The book is split into two main parts: the first consists of short (but detailed) overviews of the various sub-disciplines of analysis from which results are required to develop later results, and the second part is devoted to developing the theories of the various kinds of special functions. The sheer breadth of topics and material that this book covers is utterly incredible. The major topics covered in the first part of the book are convergence theorems, integration-related theories, series expansions of functions and differential/integral equation theories, each of which are split into two or three chapters. The reader is assumed to be familiar with some of the subjects here and these chapters are intended more as a review, but they are still quite self-contained and will also appeal to those who have not encountered the subjects yet. (I am only 16 and know no more than ODEs and a little real analysis, but I learned some material from this)

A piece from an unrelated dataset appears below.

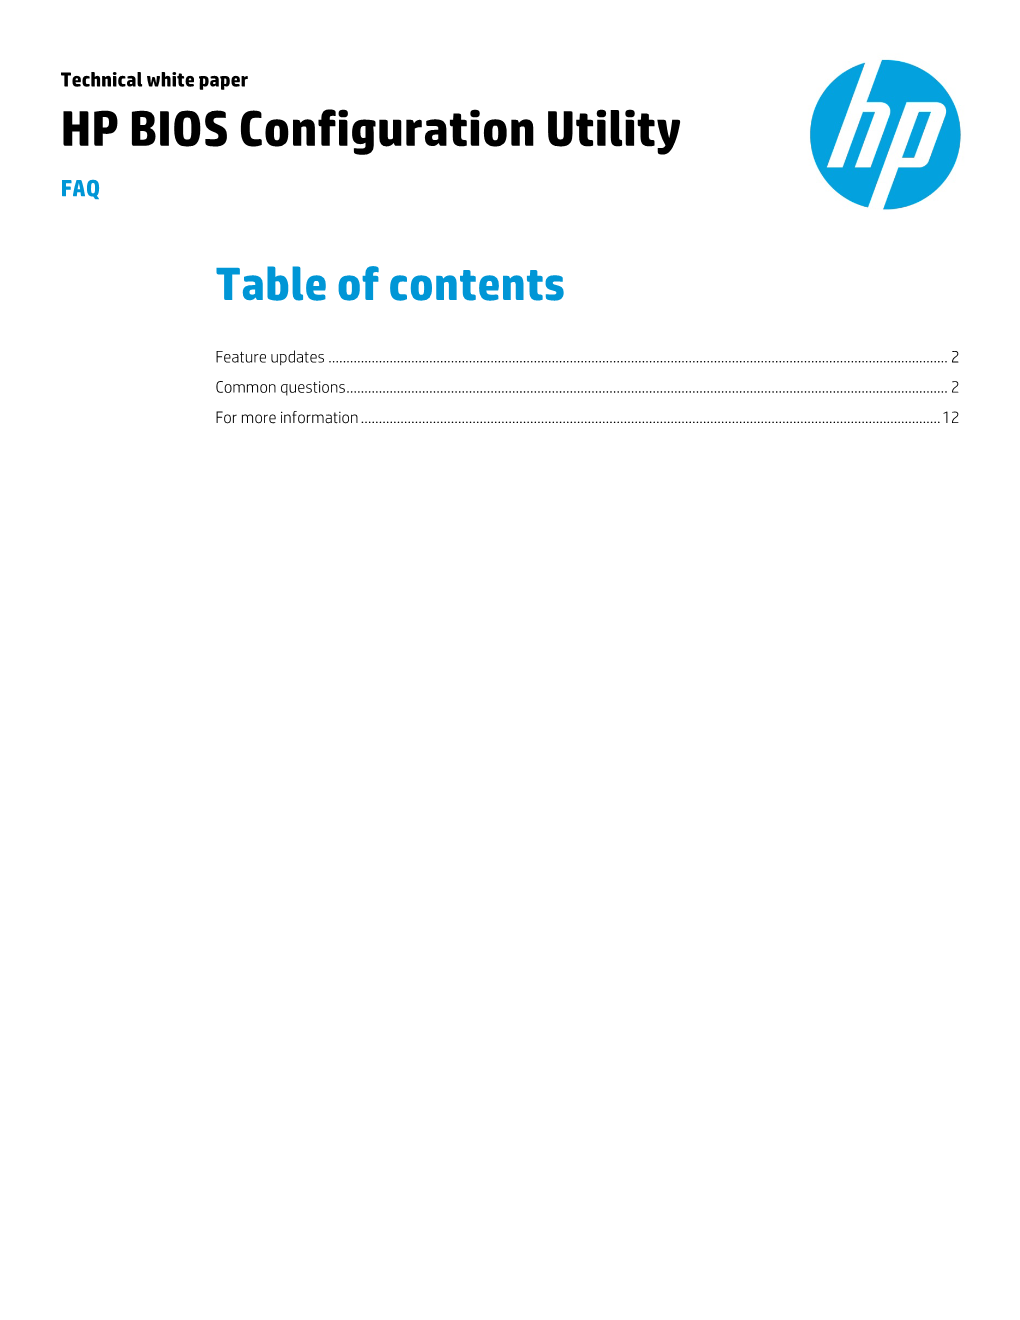 HP BIOS Configuration Utility FAQ
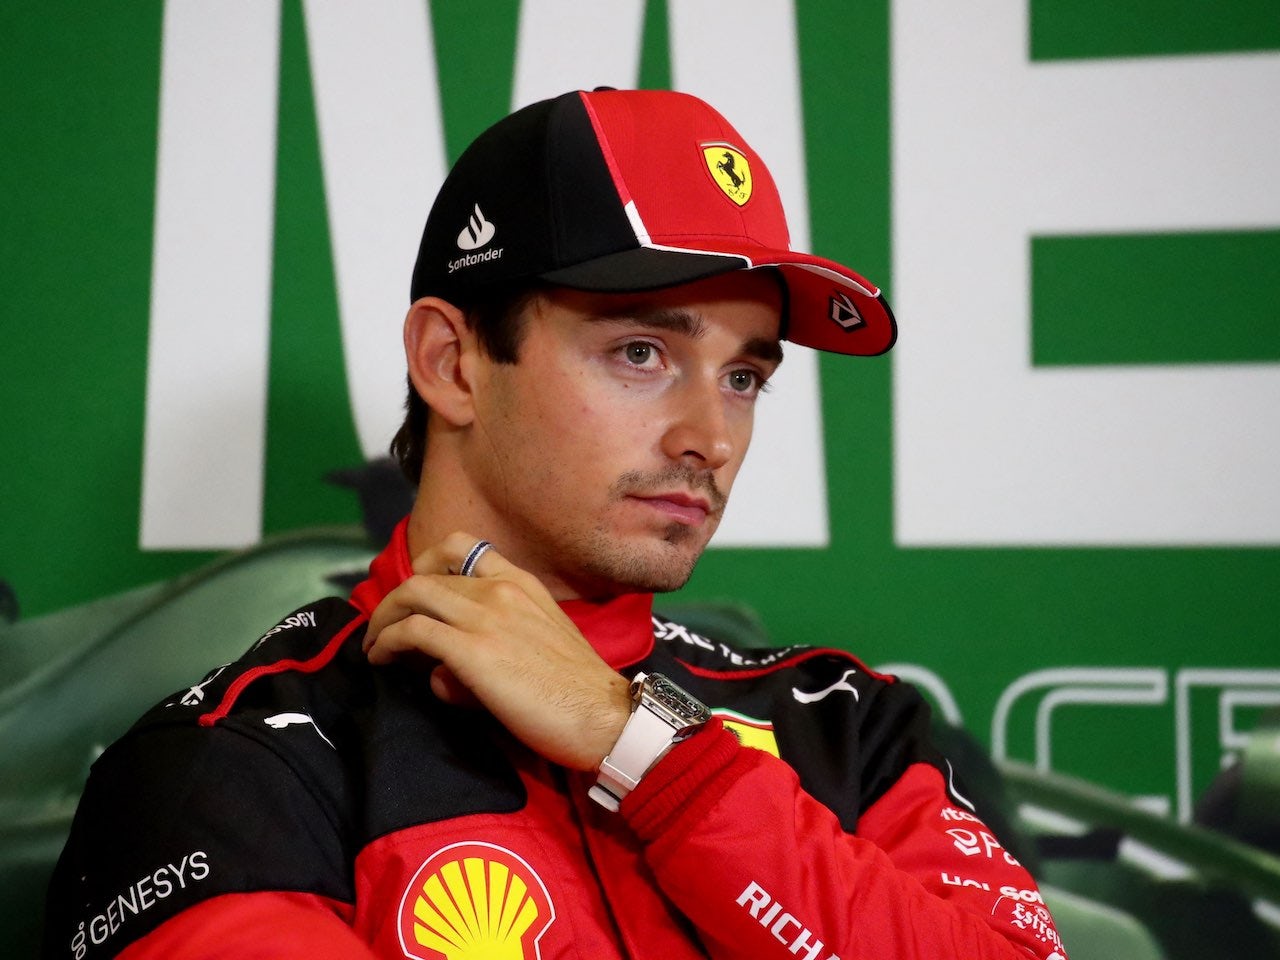 Ferrari were 'bluffing' before qualifying surge - Marko

The second section, which is really the heart of the book, starts off with a detailed treatment of the fundamental gamma and related functions, followed by a chapter on the famous zeta function and its unusual properties. The book then covers the hypergeometric functions - the focus is on the 1F1 and 2F1 types, being ODE solutions - which are perhaps the cornerstone of this field, followed the special cases of Bessel and Legendre functions. There are a number of ways of developing and teaching the ideas regarding these functions; this book mainly uses the differential equation approach, starting by defining these functions as solutions to ODEs and going from there. There is also a chapter on physics applications (using these functions to solve physics equations), which is sure to please the more applied math readers. The next three chapters are devoted to elliptic functions, covering the theta, Jacobi and Weierstrass types. (one chapter on each) The two remaining chapters are on Mathieu functions and ellipsoidal harmonic functions. Along the way, some additional functions are also sometimes mentioned in the problem sets. (barnes G, appell, and a few others) About the only room for improvement here would be some analyses of named integrals (EI, fresnel, etc.) and inverse functions (lambert W log, inverse elliptics, etc.), and perhaps more on multivariable hypergeometrics, but these things are not a big deal considering how much else appears in here, and I have not really seen any book out there that covers these anyway.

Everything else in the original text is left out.